Chapter 2 Flashcards
(28 cards)
What is Data Management?
The process that a firm uses to acquire, organise, store, manipulate and distribute data
What is Data Wrangling?
Process of retrieving, cleansing, integrating, transforming and enriching data to support subsequent data analysis.
Transforms raw data into a format that is more appropriate and easier to analyse
Why do we need Data Wrangling?
The increasing volume and variety of data compel firms to spend great amounts of time and resources on gathering, cleaning and organising data before performing any analysis.
As the amount of data grows the need and difficulties of involving data wrangling increases.

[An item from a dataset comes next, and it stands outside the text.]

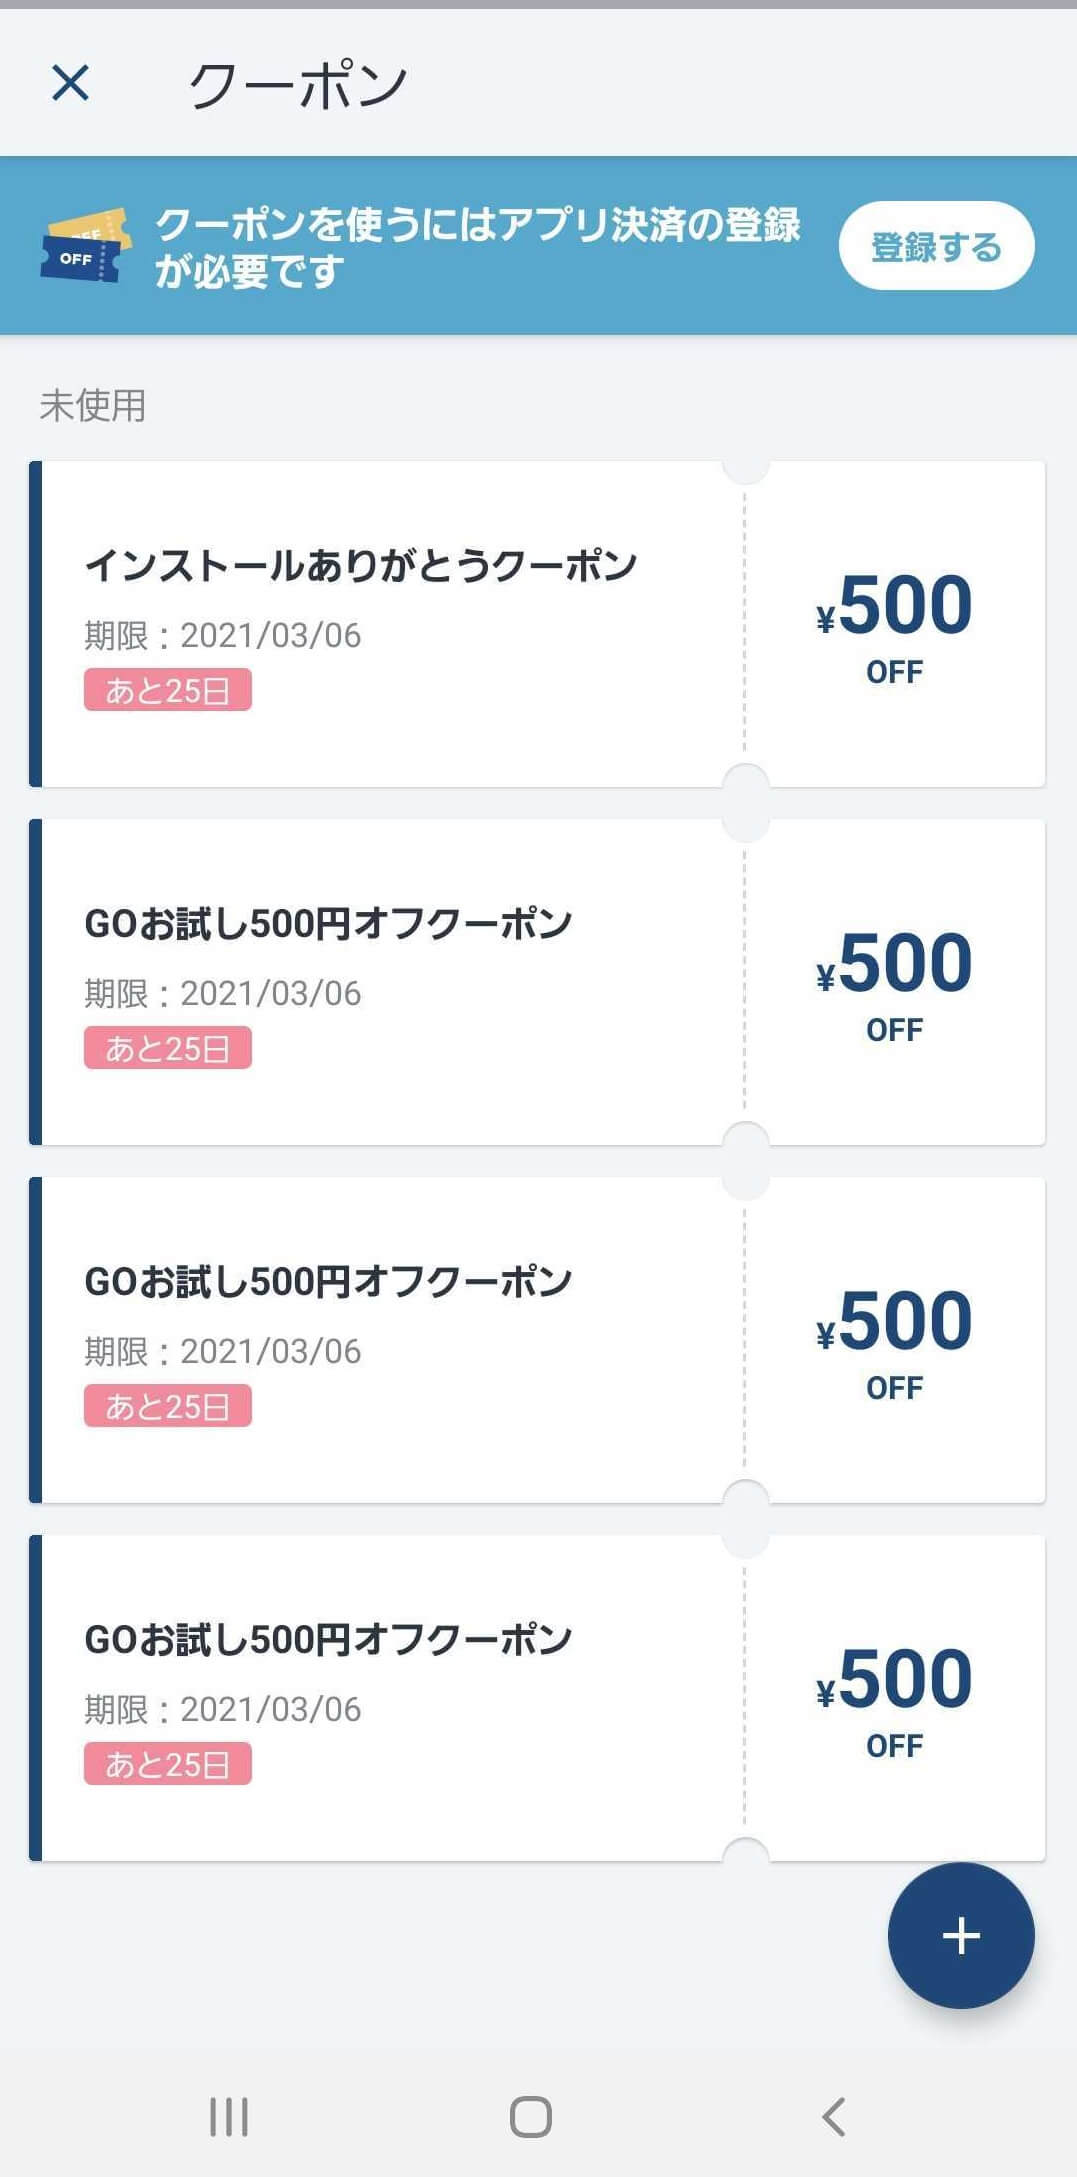 GOタクシー総額2500円クーポン&特典の取得方法

What are some objectives of Data Wrangling?
- improves data quality
- reduce time and effort to perform analytics
- reveals true intelligence of data
What is a Database?
A collection of data logically organised to enable easy retrieval, management and distribution of data.
What is a Data Management System?
Software application for defining, manipulating and managing data in databases
What is a Relational Database?
Most common type of database that is modelled to offer flexibility and ease of data retrieval
What is Data Modeling?
Process of defining the structure of a database
What is an ERD?
Entity relationship diagram is a graphical representation used to illustrate the structure of data
What are the 6 key elements of an ERD?
- entity
- instance
- relationships
- Primary Key
- Foreign Key
- Composite Primary Key
What are the 3 different relationships an ERD can have?
1:1
1:M
M:N
How can we retrieve data that is stored in a relational database?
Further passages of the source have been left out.